---
name: typed-holes-refactor
description: Refactor codebases using Design by Typed Holes methodology - iterative, test-driven refactoring with formal hole resolution, constraint propagation, and continuous validation. Use when refactoring existing code, optimizing architecture, or consolidating technical debt through systematic hole-driven development.
---

# Typed Holes Refactoring

Systematically refactor codebases using the Design by Typed Holes meta-framework: treat architectural unknowns as typed holes, resolve them iteratively with test-driven validation, and propagate constraints through dependency graphs.

## Core Workflow

### Phase 0: Hole Discovery & Setup

**1. Create safe working branch:**

```bash
git checkout -b refactor/typed-holes-v1
# CRITICAL: Never work in main, never touch .beads/ in main
```

**2. Analyze current state and identify holes:**

```bash
python scripts/discover_holes.py
# Creates REFACTOR_IR.md with hole catalog
```

The Refactor IR documents:
- **Current State Holes**: What's unknown about the current system?
- **Refactor Holes**: What needs resolution to reach the ideal state?
- **Constraints**: What must be preserved/improved/maintained?
- **Dependencies**: Which holes block which others?

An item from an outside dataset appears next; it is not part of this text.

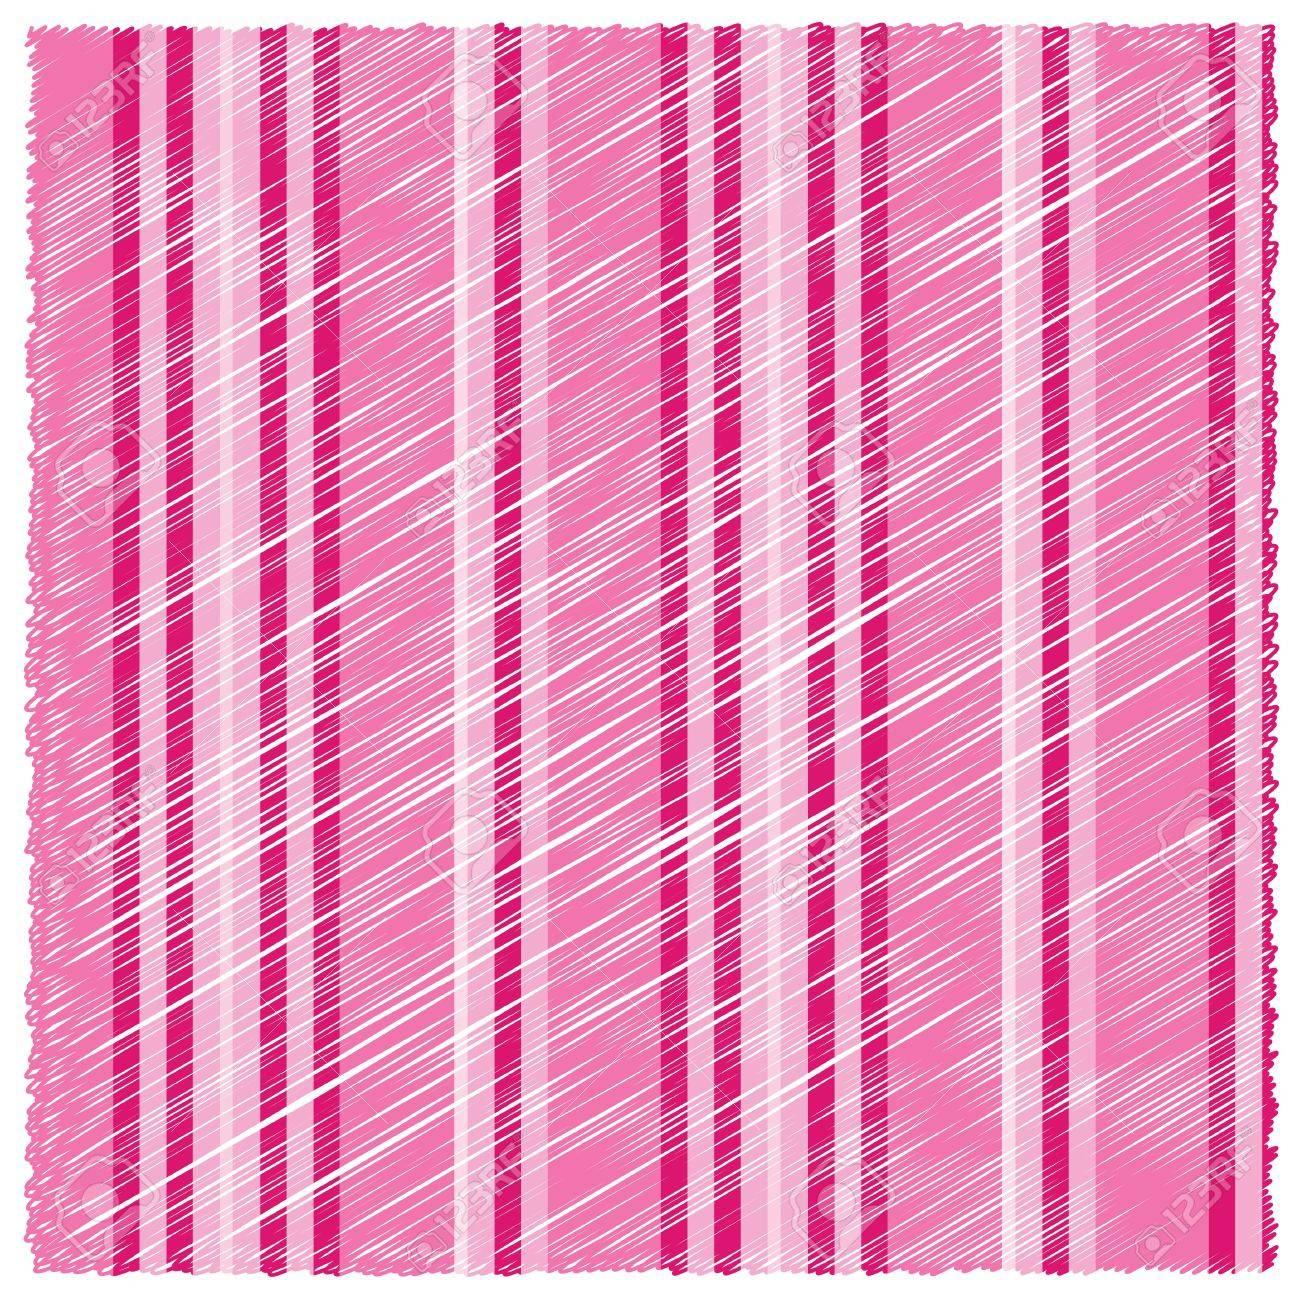 Fondo rosa rayas blancas

**3. Write baseline characterization tests:**

Create `tests/characterization/` to capture exact current behavior:

```python
# tests/characterization/test_current_behavior.py
def test_api_contracts():
    """All public APIs must behave identically post-refactor"""
    for endpoint in discover_public_apis():
        old_result = run_current(endpoint, test_inputs)
        save_baseline(endpoint, old_result)

def test_performance_baselines():
    """Record current performance - don't regress"""
    baselines = measure_all_operations()
    save_json("baselines.json", baselines)
```

Run tests on main branch - they should all pass. These are your safety net.

### Phase 1-N: Iterative Hole Resolution

For each hole (in dependency order):

**1. Select next ready hole:**

```bash
python scripts/next_hole.py
# Shows holes whose dependencies are resolved
```

**2. Write validation tests FIRST (test-driven):**

```python
# tests/refactor/test_h{N}_resolution.py
def test_h{N}_resolved():
    """Define what 'resolved correctly' means"""
    # This should FAIL initially
    assert desired_state_achieved()

def test_h{N}_equivalence():
    """Ensure no behavioral regressions"""
    old_behavior = load_baseline()
    new_behavior = run_refactored()
    assert old_behavior == new_behavior
```

**3. Implement resolution:**

- Refactor code to make tests pass
- Keep characterization tests passing
- Commit incrementally with clear messages

**4. Validate resolution:**

```bash
python scripts/validate_resolution.py H{N}
# Checks: tests pass, constraints satisfied, main untouched
```

**5. Propagate constraints:**

```bash
python scripts/propagate.py H{N}
# Updates dependent holes based on resolution
```

**6. Document and commit:**

```bash
git add .
git commit -m "Resolve H{N}: {description}

- Tests: tests/refactor/test_h{N}_*.py pass
- Constraints: {constraints satisfied}
- Propagates to: {dependent holes}"
```

### Phase Final: Reporting

**Generate comprehensive delta report:**

```bash
python scripts/generate_report.py > REFACTOR_REPORT.md
```

Report includes:
- Hole resolution summary with validation evidence
- Metrics delta (LOC, complexity, coverage, performance)
- Behavioral analysis (intentional changes documented)
- Constraint validation (all satisfied)
- Risk assessment and migration guide

## Key Principles

### 1. Test-Driven Everything

- Write validation criteria BEFORE implementing
- Tests define "correct resolution"
- Characterization tests are sacred - never let them fail

### 2. Hole-Driven Progress

- Resolve holes in dependency order
- Each resolution propagates constraints
- Track everything formally in Refactor IR

### 3. Continuous Validation

Every commit must validate:
- ✅ Characterization tests pass (behavior preserved)
- ✅ Resolution tests pass (hole resolved correctly)
- ✅ Constraints satisfied
- ✅ Main branch untouched
- ✅ `.beads/` intact in main

### 4. Safe by Construction

- Work only in refactor branch
- Main is read-only reference
- Beads are untouchable historical artifacts

### 5. Formal Completeness

Design complete when:
- All holes resolved and validated
- All constraints satisfied
- All phase gates passed
- Metrics improved or maintained

## Hole Quality Framework

### SMART Criteria for Good Holes

Every hole must be:

- **Specific**: Clear, bounded question with concrete answer
  - ✓ Good: "How should error handling work in the API layer?"
  - ✗ Bad: "How to improve the code?"

- **Measurable**: Has testable validation criteria
  - ✓ Good: "Reduce duplication from 60% to <15%"
  - ✗ Bad: "Make code better"

- **Achievable**: Can be resolved with available information
  - ✓ Good: "Extract parsing logic to separate module"
  - ✗ Bad: "Predict all future requirements"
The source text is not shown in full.